■ **Problem to solve**: Only an exact copy of the lines from the one containing "RE/MAX Island Real" through the last line of the material below belongs in the answer, with no pictures.

■ **Data shown**:
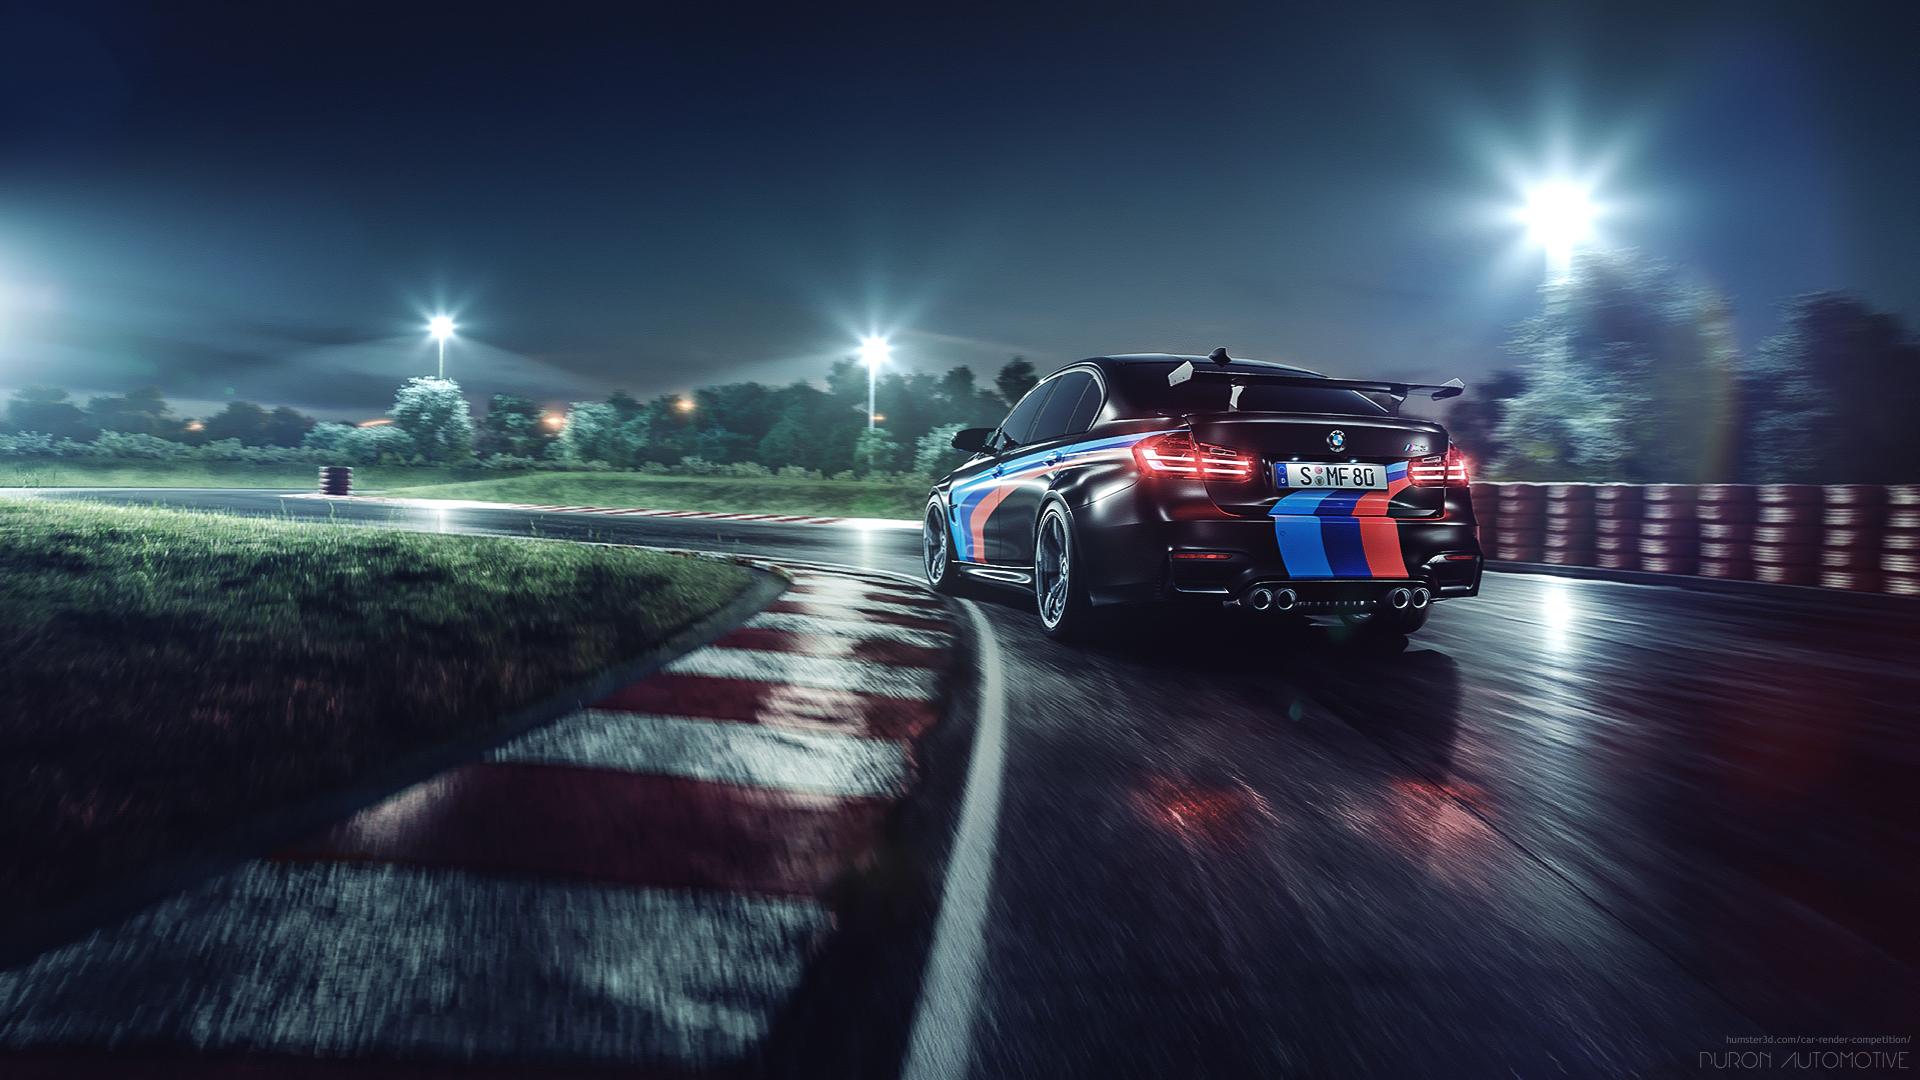 BMW M3 F80 (GTS replica) Full-CG Circuit 3d art
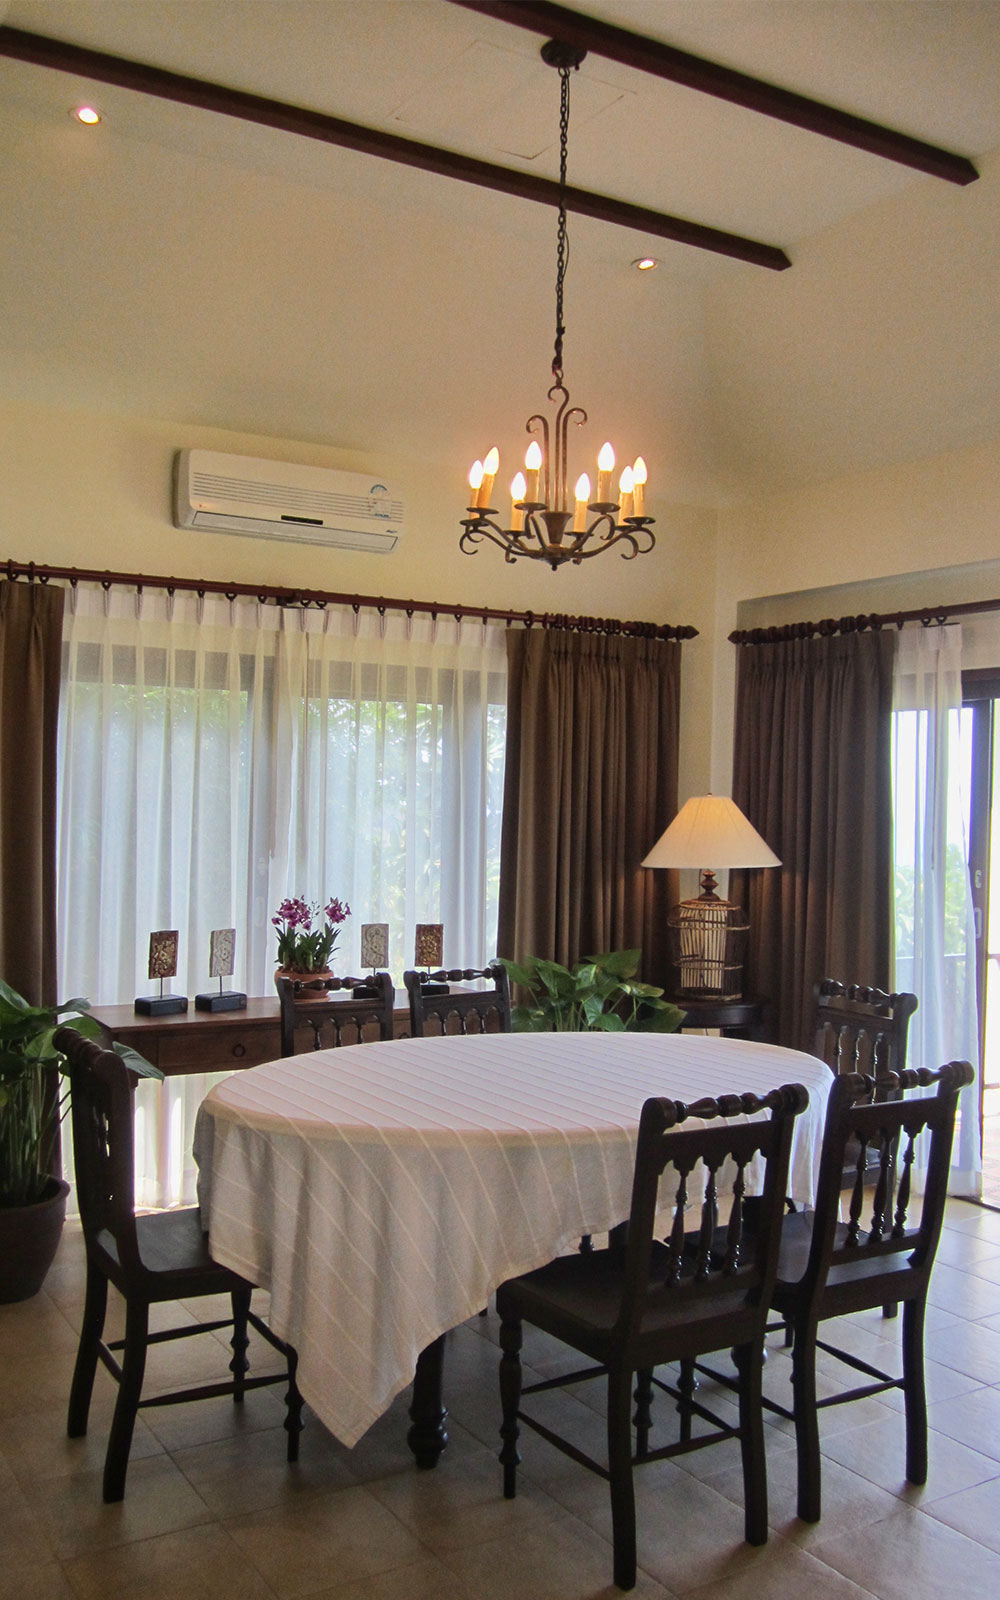 RE/MAX Island Real Estate Agency's 4 bedroom villa for rent in Bang Por, Ko Samui  6
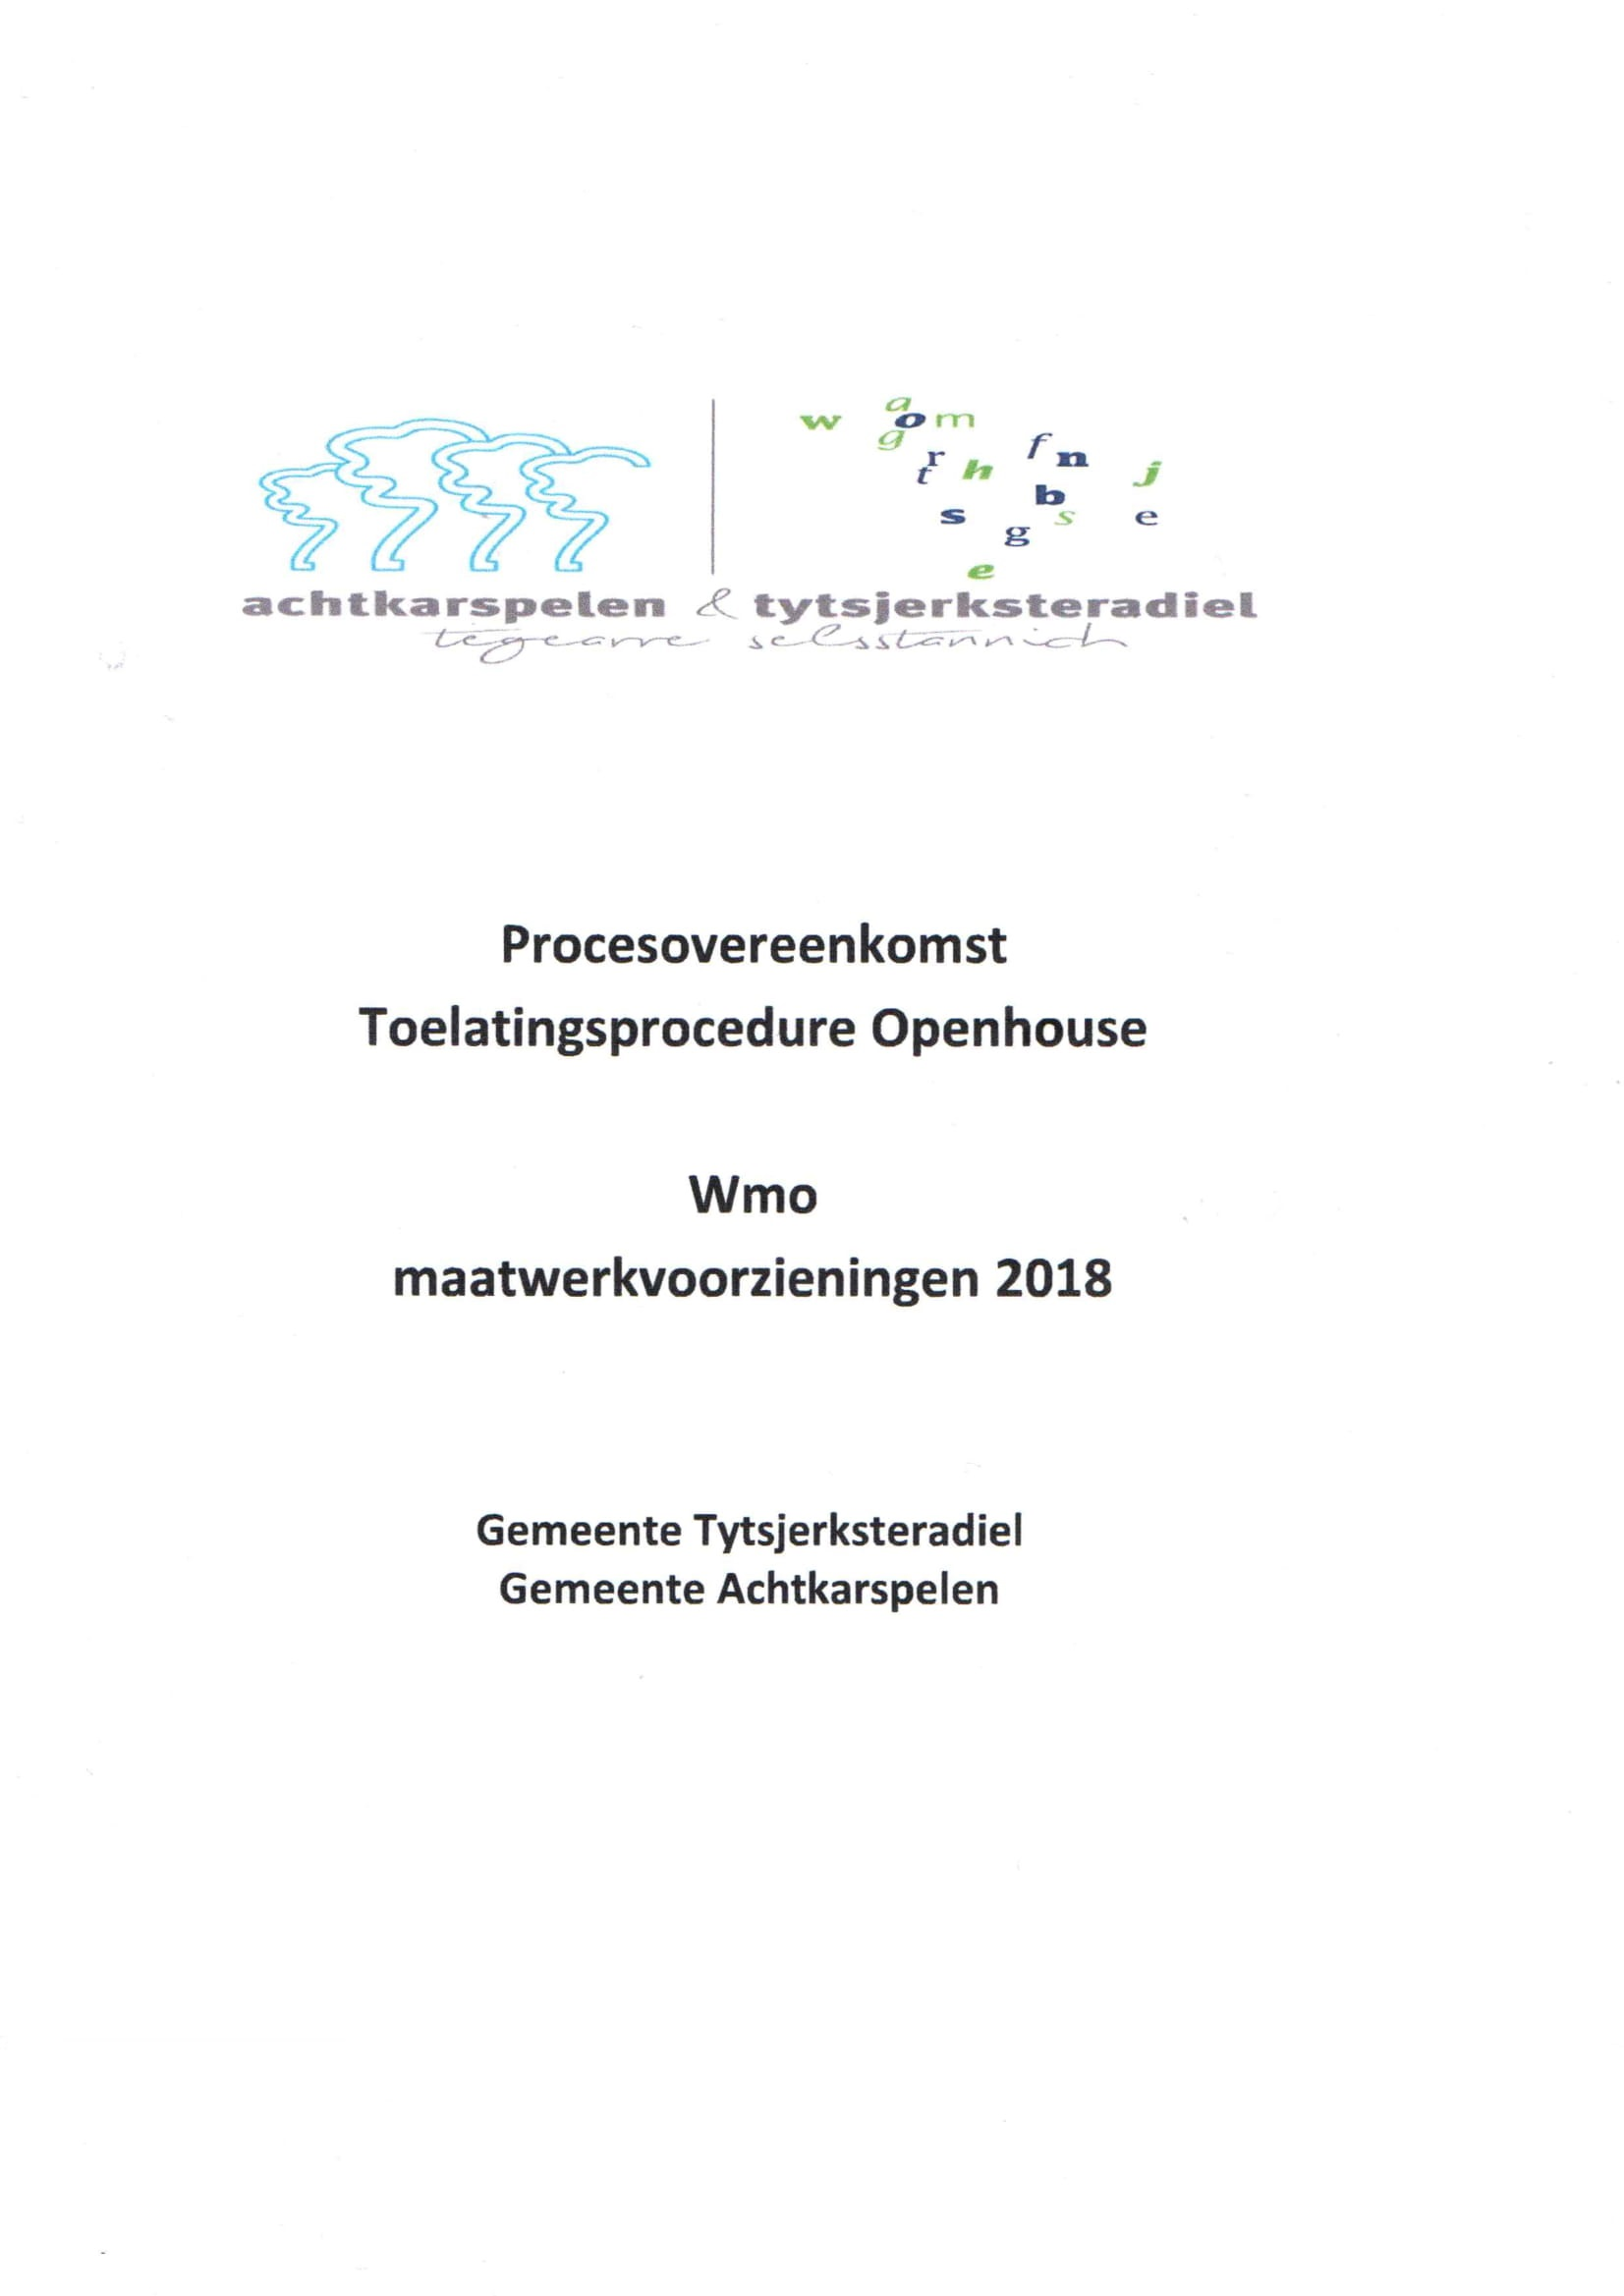 Stichting Strong ID | zorg in 8Karspelen & Tytjersteradiel

■ **Result of this exercise**:
 RE/MAX Island Real Estate Agency's 4 bedroom villa for rent in Bang Por, Ko Samui  6
 Stichting Strong ID | zorg in 8Karspelen & Tytjersteradiel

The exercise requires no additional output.